Strip out the pictures and output each remaining line of the data word for word.
** GIVEN INFORMATION follows **
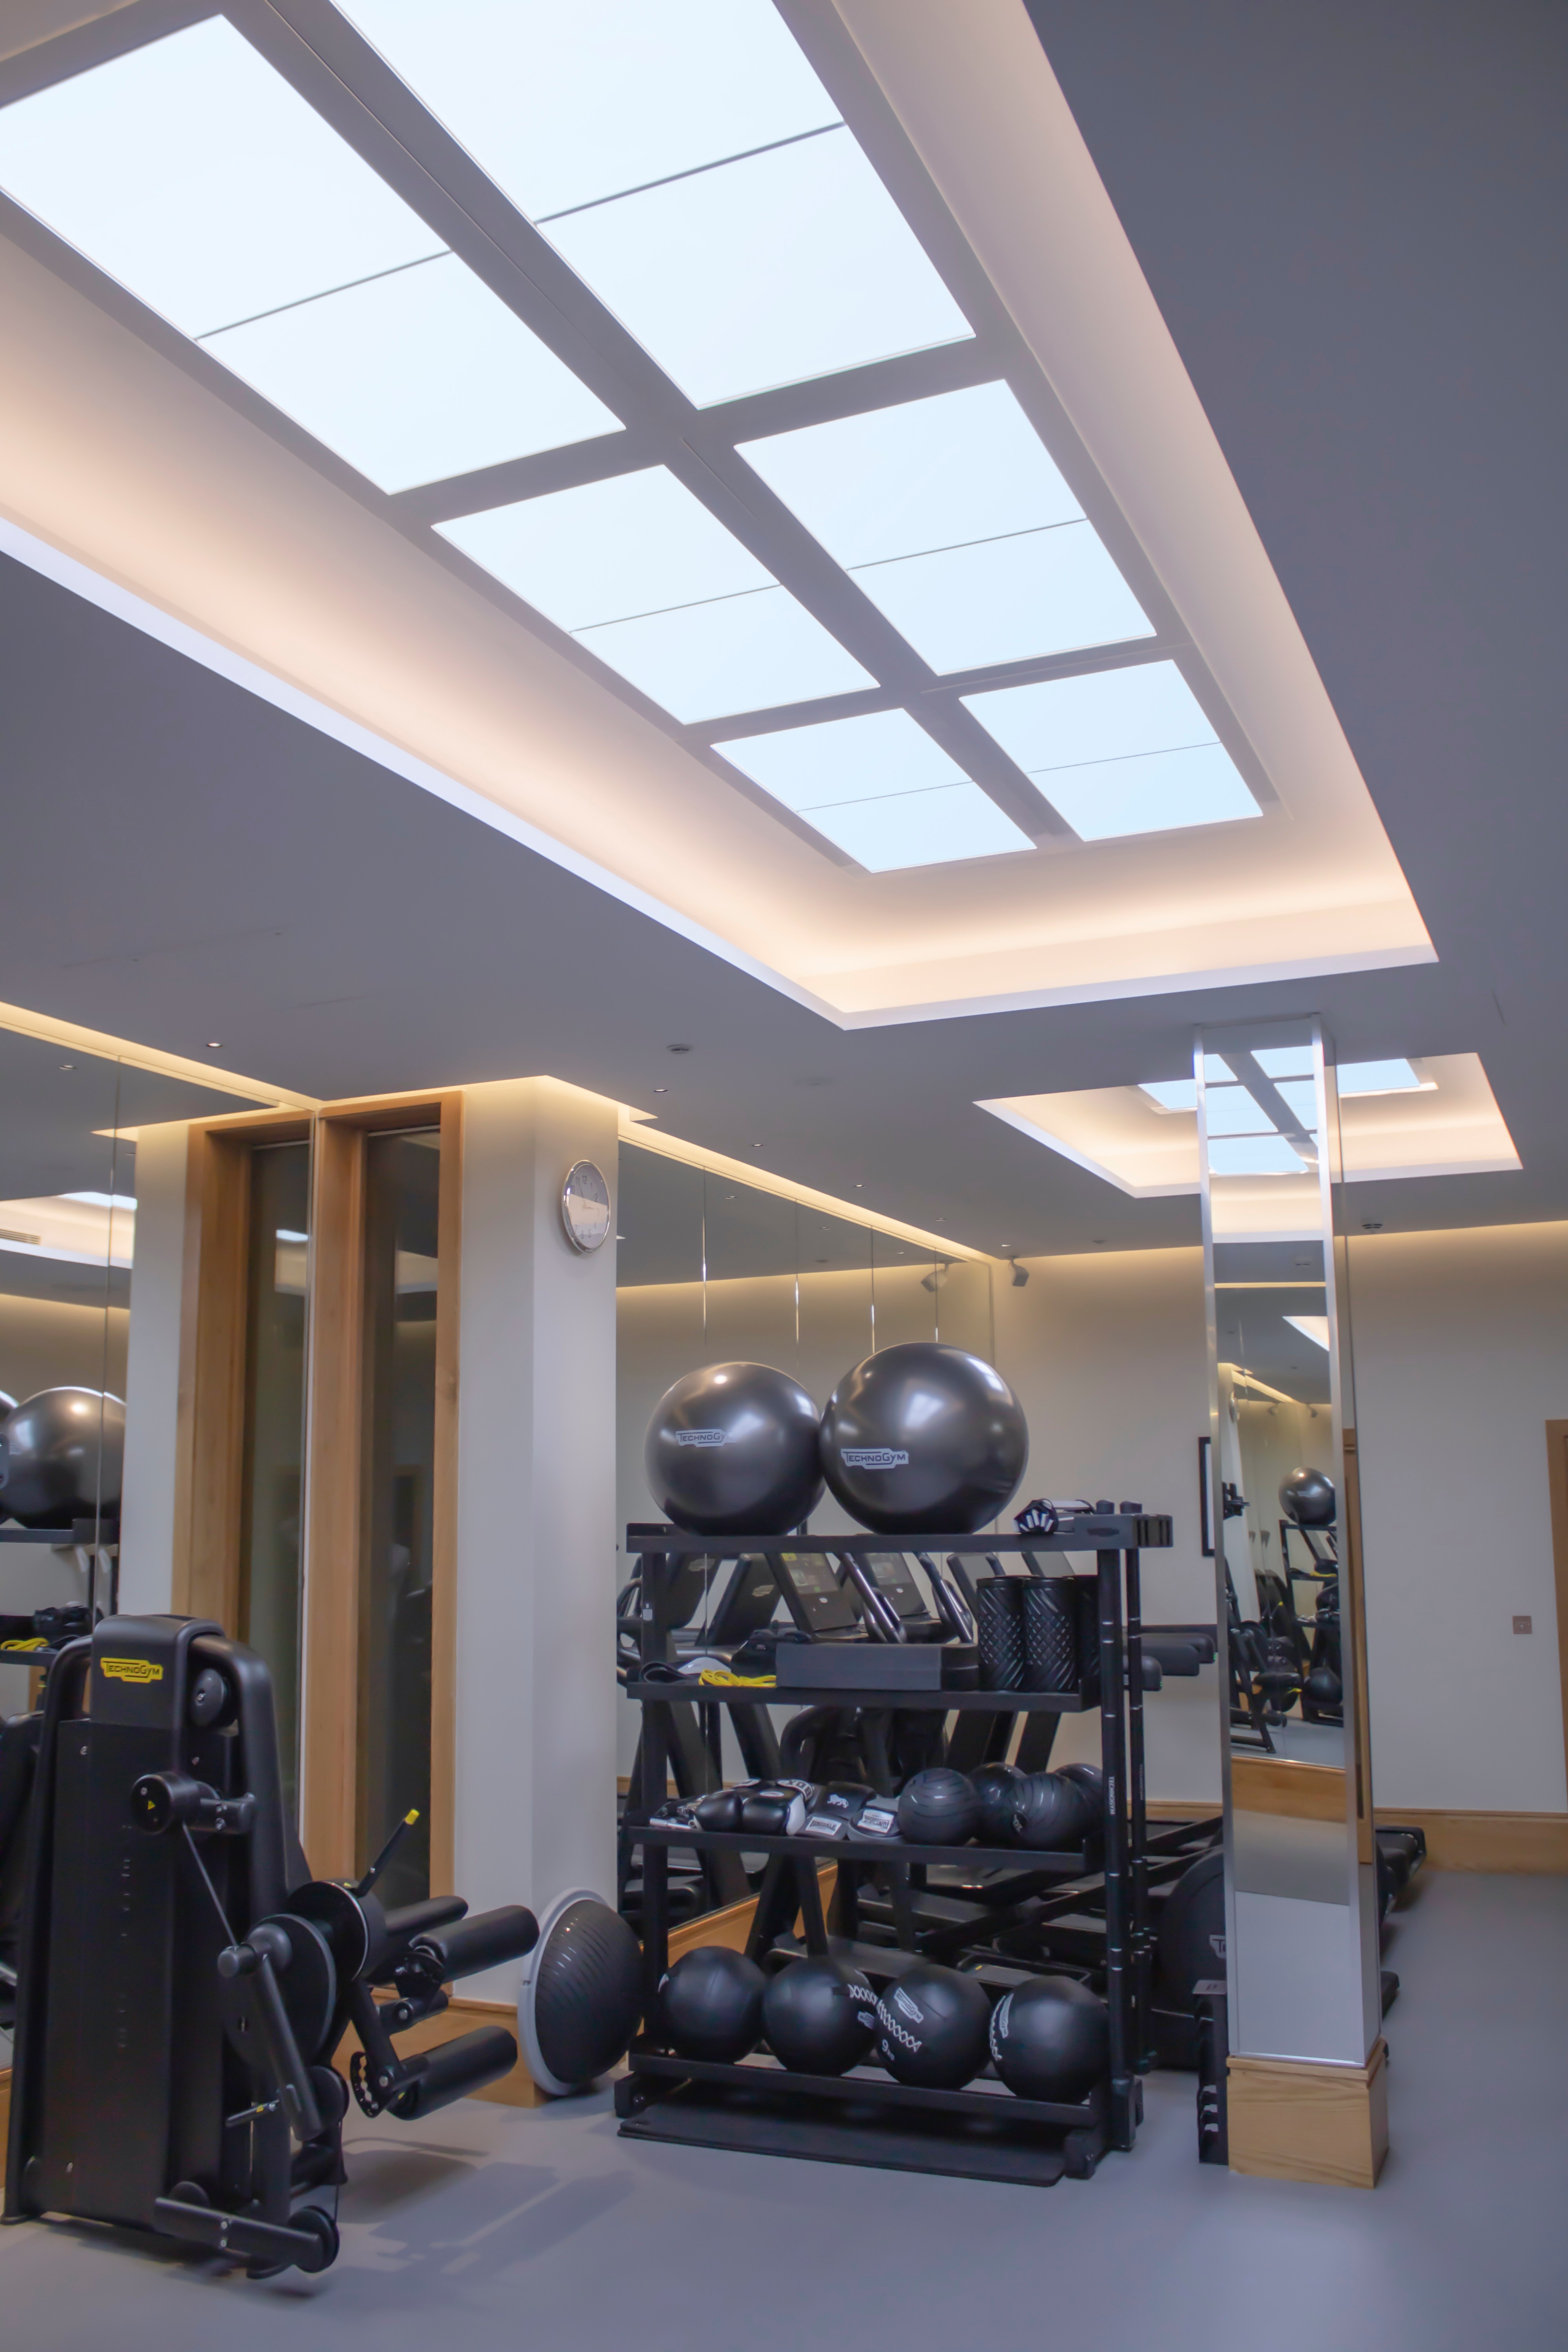 Innerscene installation case study lighting above exercise ball and other equipment at Aman Spa The Connaught Hotel London
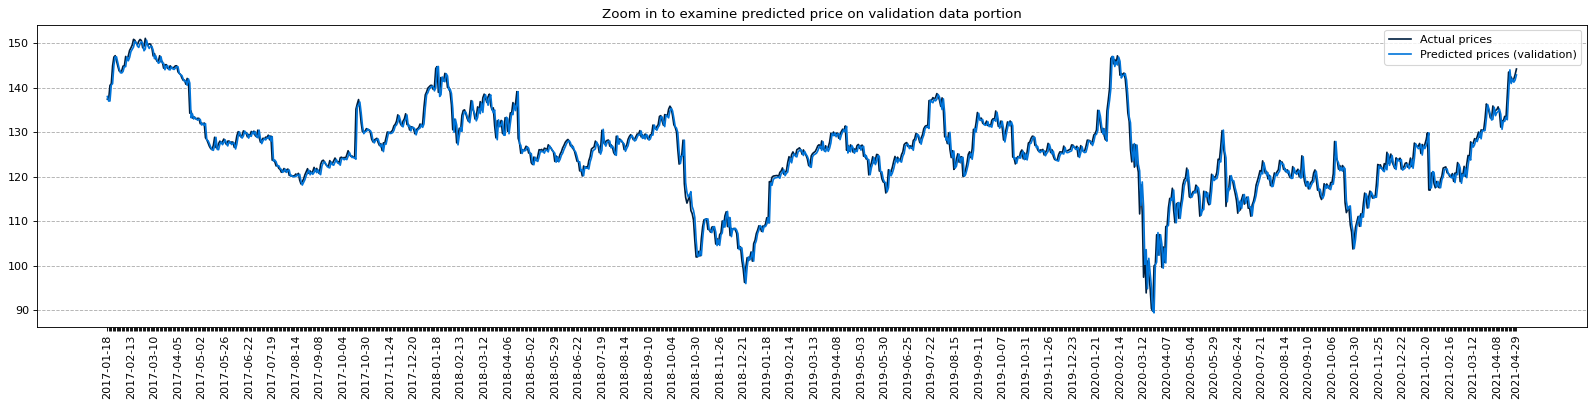 predicted validation zoom in
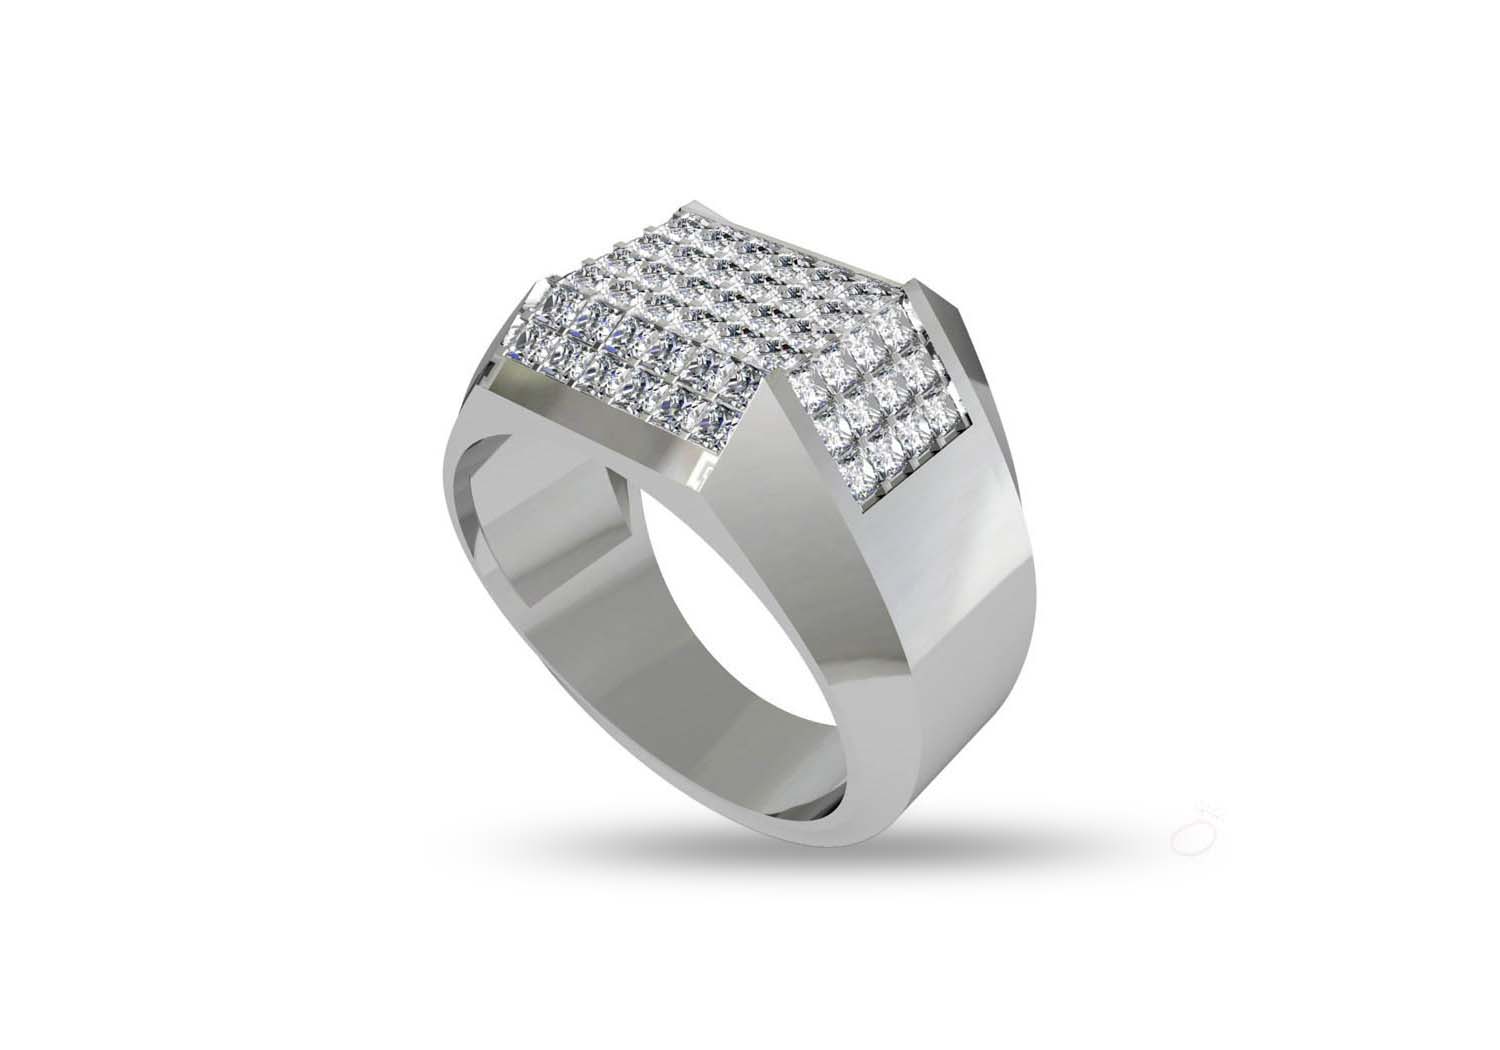 Silver Rings For Men - Buy Pure Silver Rings for Men Online | Myntra
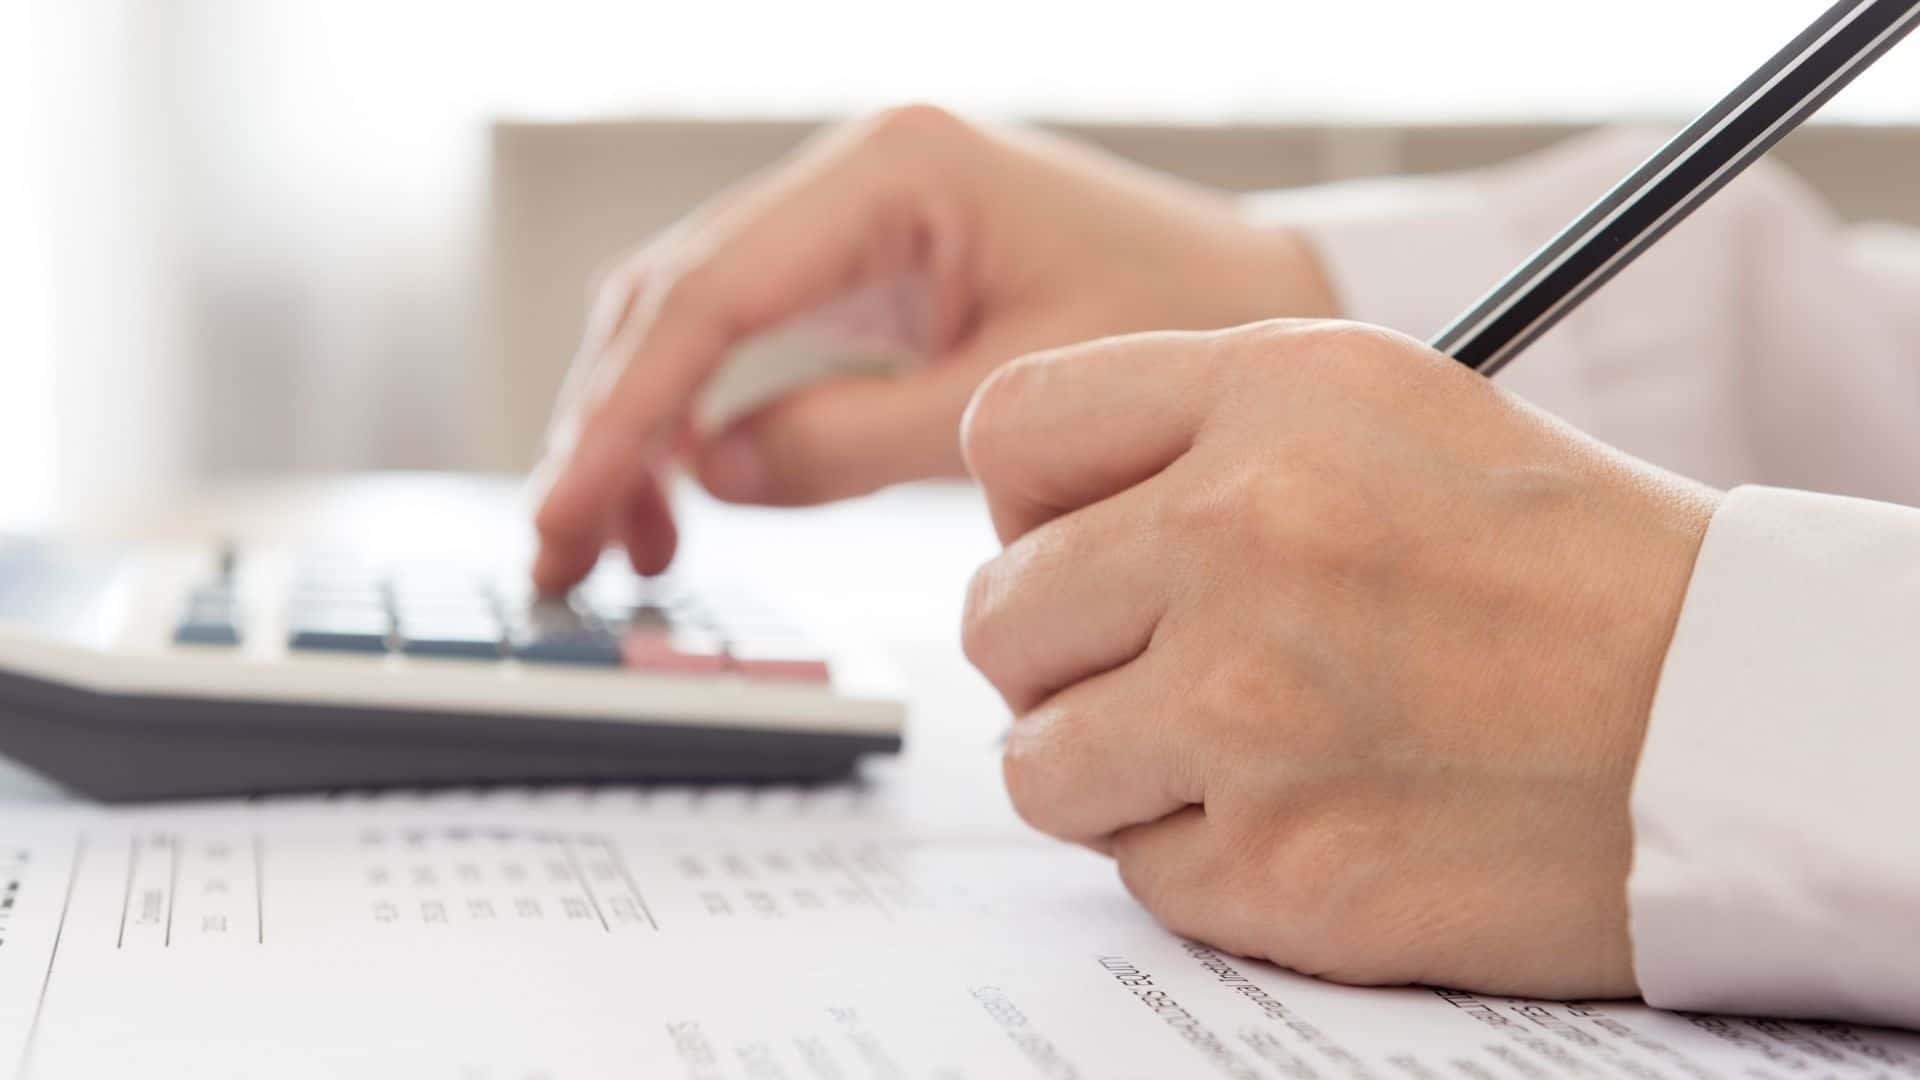 Bookkeeping mistakes
** End of GIVEN INFORMATION **
#### ANSWER FOR THIS EXERCISE:
 Innerscene installation case study lighting above exercise ball and other equipment at Aman Spa The Connaught Hotel London
 predicted validation zoom in
 Silver Rings For Men - Buy Pure Silver Rings for Men Online | Myntra
 Bookkeeping mistakes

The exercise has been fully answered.